You can also enqueue jobs with injection and parameters like this:

app.MapPost("/create-injectable-job", async (JobData request, HttpContext http, IBackgroundJobClient client) =>
{
    var command = new DoAnInjectableThing.Command(request.Payload);
    var jobId = await client.Enqueue<DoAnInjectableThing>(x => x.Handle(command));
    return Results.Ok(new { Message = $"Job created with ID: {jobId}" });
});

public class DoAnInjectableThing(IDummyLogger logger, PokeApiService pokeApiService)
{
    public sealed record Command(string Data);
    
    public async Task Handle(Command request)
    {        
        var pokemon = await pokeApiService.GetRandomPokemonAsync();
        Log.Information("I just read a Pokemon with an ID of {PokemonId} and content of {Name}", pokemon.Item1, pokemon.Item2);
        
        logger.Log($"Handled DoAnInjectableThing with data: {request.Data}");
    }
}

Scheduled Jobs

You can also schedule jobs to run at a later time. For example:

app.MapPost("/thirty-second-delay", async (HttpContext http, IBackgroundJobClient client) =>
{
    var jobId = await client.Schedule<DoAThing>(x => 
            x.Handle(new DoAThing.Command("this is a scheduled job")), 
        TimeSpan.FromSeconds(30));

    return Results.Ok(new { Message = $"Job created with ID: {jobId}" });
});

public class DoAThing
{
    public sealed record Command(string Data);        
    public async Task Handle(Command request)
    {
        Log.Information("Handled DoAThing with data: {Data}", request.Data);
    }
}

Or you can use a fluent API like this:

app.MapPost("/fluent-two-second-delay", async (HttpContext http, IBackgroundJobClient client) =>
{
    var jobId = await client.Schedule<DoAThing>(x => 
            x.Handle(new DoAThing.Command("this is a scheduled job")))
        .ToQueue("critical")
        .InSeconds(2);

    return Results.Ok(new { Message = $"Job created with ID: {jobId}" });
});

Recurring Jobs

Coming soon...

Batch Jobs

Coming soon...

Queues

There are a various different queuing prioritization strategies that can be used in Task Tower.
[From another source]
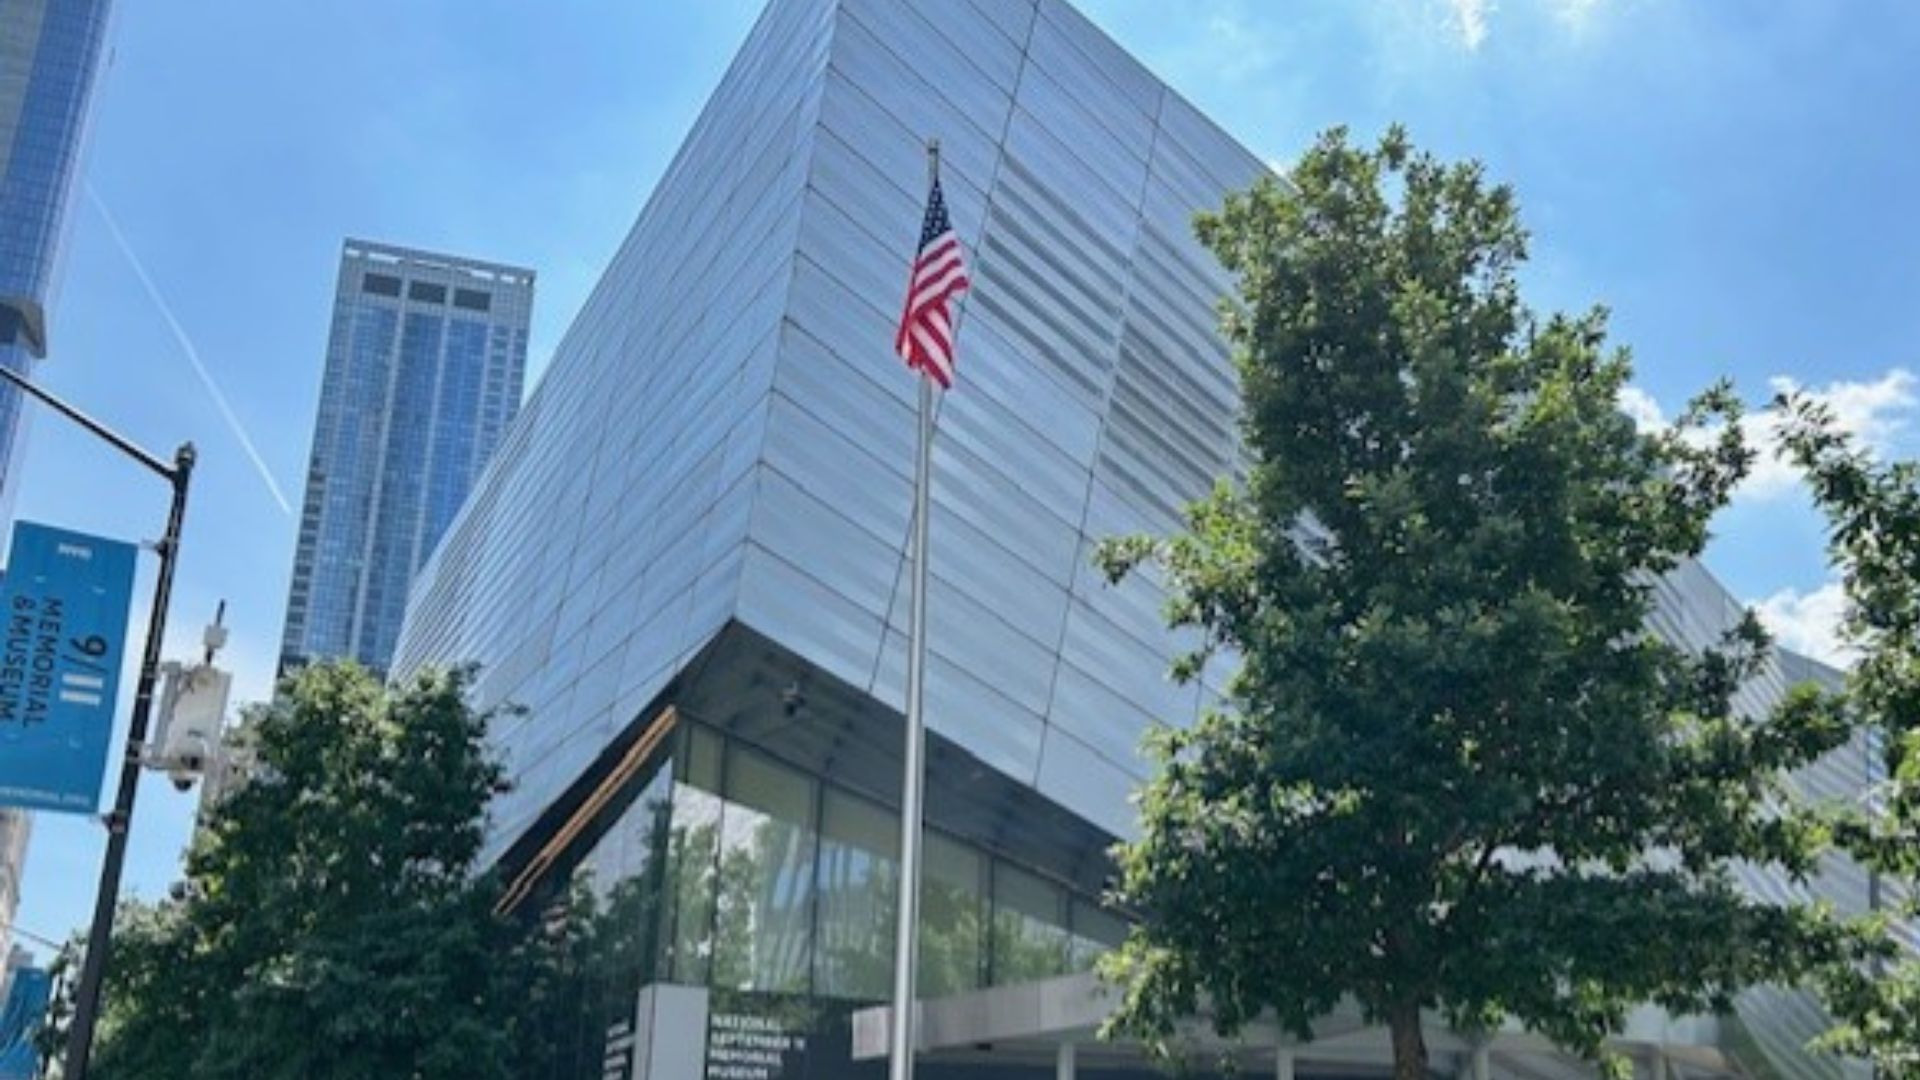 Exterior of the 9/11 Memorial & Museum against a blue sky, with green trees and an American flag on a flagpole at the foreground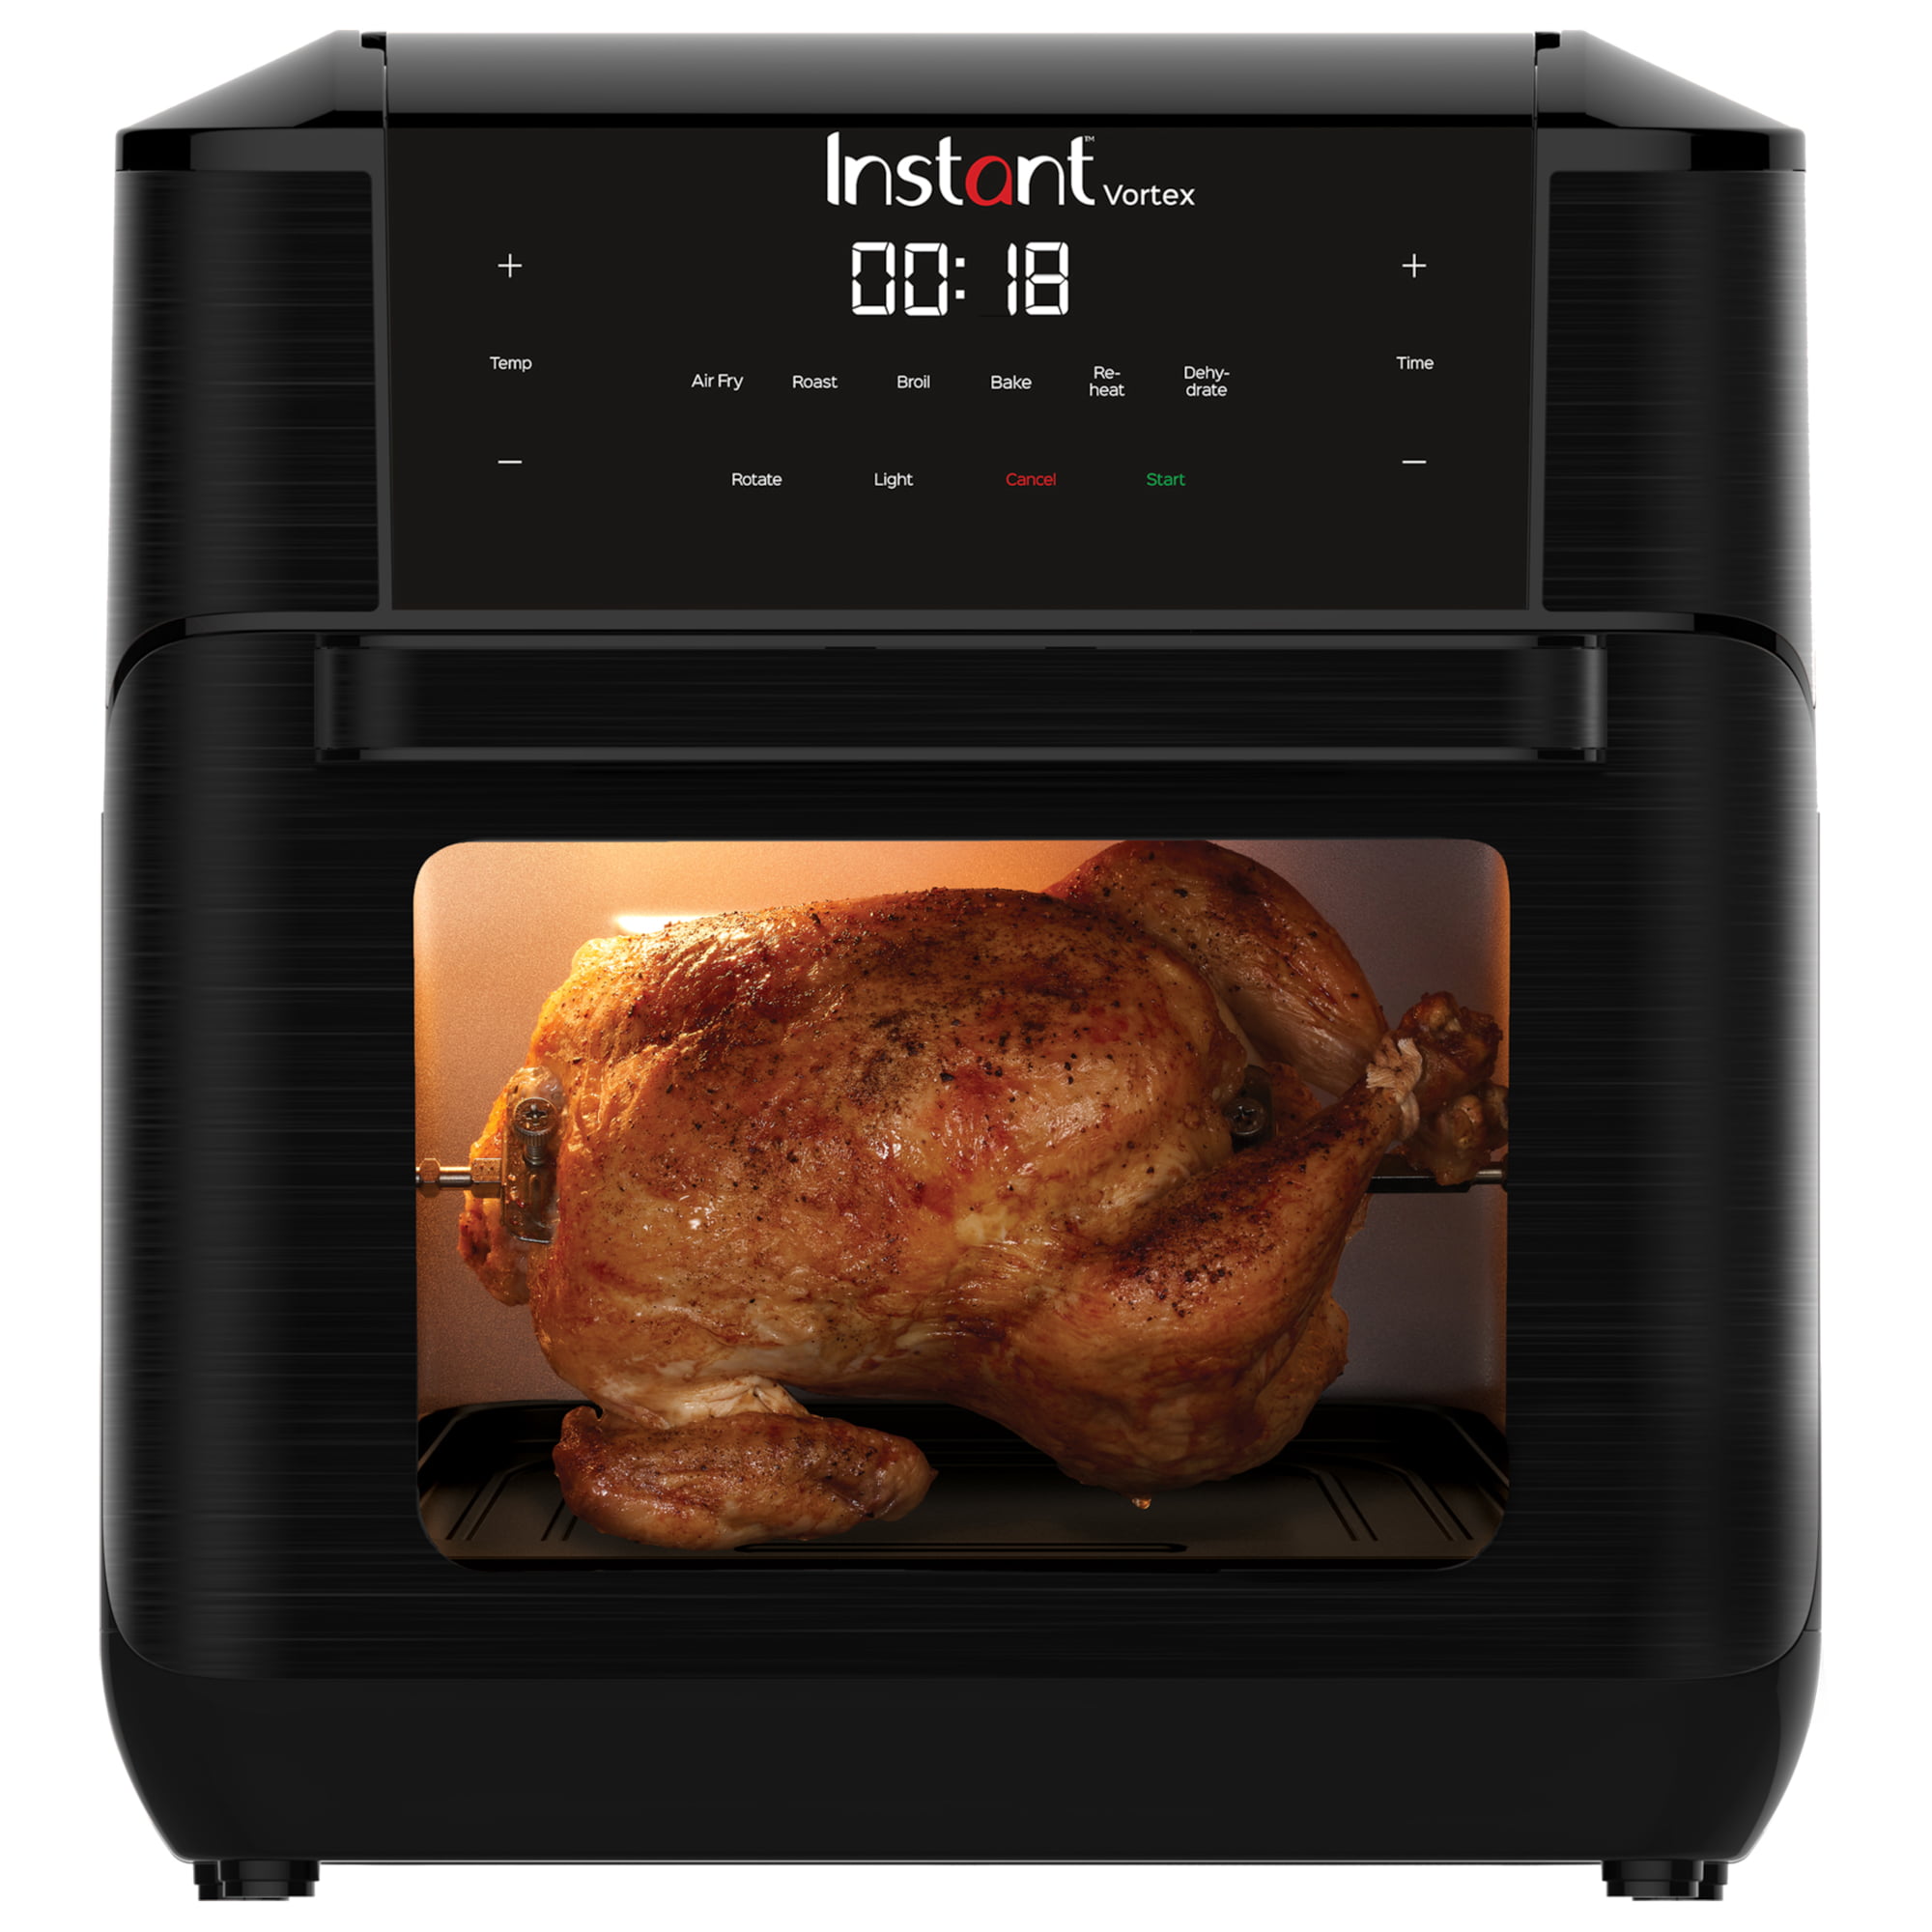 Instant Vortex Air fryer with a cooked chicken inside

Jobs with no recognized queue will be considered a lowest priority based on whatever rules apply to the type of prioritization.

[!NOTE]
By default, all jobs will be added to a default queue unless otherwise designated.

None (FIFO)

This prioritization strategy will process jobs using no particular prioritization and just behavior in a simple first-in-first-out (FIFO) fashion.

Alphanumeric

This prioritization strategy will process jobs using an alphanumeric order based on teh queue name. If you are coming from Hangfire and need pairity with their queue behavior, you can lean on this.

Example:

builder.Services.AddTaskTower(builder.Configuration,x =>
{
    x.QueuePrioritization = QueuePrioritization.AlphaNumeric();
    // ....
});

Index

If you need to create multiple queues and want to prioritize processing of all jobs in one queue over other queues, you can use the Index option. This means that jobs will be pulled from the queue sorted in the priory designated in the configuration.

Example:

builder.Services.AddTaskTower(builder.Configuration,x =>
{
    x.QueuePriorities = new Dictionary<string, int>
    {
        {"critical", 3},
        {"default", 2},
        {"low", 1}
    };
    x.QueuePrioritization = QueuePrioritization.Index();
    // ....
});

This example will configure Task Tower to have three queue priorities: critical, default, and low with strict priority. When using the Index priority, the queues with higher a priority will be prioritized at the top of the queue for processing.

Strict

If you need to create multiple queues and need to process all tasks in one queue over other queues, you can use the Strict option. Only queues that are given a priority will be recognized and ran when using this strategy. Jobs in unprioritized queues (that are not configured with a priority in the Task Tower config) will not be picked up for processing.

Example:

builder.Services.AddTaskTower(builder.Configuration,x =>
{
    x.QueuePriorities = new Dictionary<string, int>
    {
        {"critical", 3},
        {"default", 2},
        {"low", 1}
    };
    x.QueuePrioritization = QueuePrioritization.Strict();
    // ....
});

This example will configure Task Tower to have three queue priorities: critical, default, and low with strict priority. In strict priority mode, the queues with higher priority is always processed first, and queues with lower priority is processed only if all the other queues with higher priorities are empty.

So in this example, tasks in critical queue is always processed first. If critical queue is empty, then default queue is processed. If both critical and default queue are empty, then low queue is processed.

Weighted 🚧

Coming soon...

The number associated with the queue name is the priority level for the queue.

With this above configuration:

• tasks in critical queue will be processed 60% of the time
• tasks in default queue will be processed 30% of the time
• tasks in low queue will be processed 10% of the time

Example:

builder.Services.AddTaskTower(builder.Configuration,x =>
{
    x.QueuePriorities = new Dictionary<string, int>
    {
        {"high", 60},
        {"default", 30},
        {"low", 10}
    };
    x.QueuePrioritization = QueuePrioritization.Weighted();
    // ....
});

Tags

You can use the background client to add tags to jobs to allow for easier categorization and filtering of jobs, facilitating quick identification and management of related tasks. Tags also enhance monitoring and debugging capabilities to let you efficiently track job execution and diagnose issues within specific job groups.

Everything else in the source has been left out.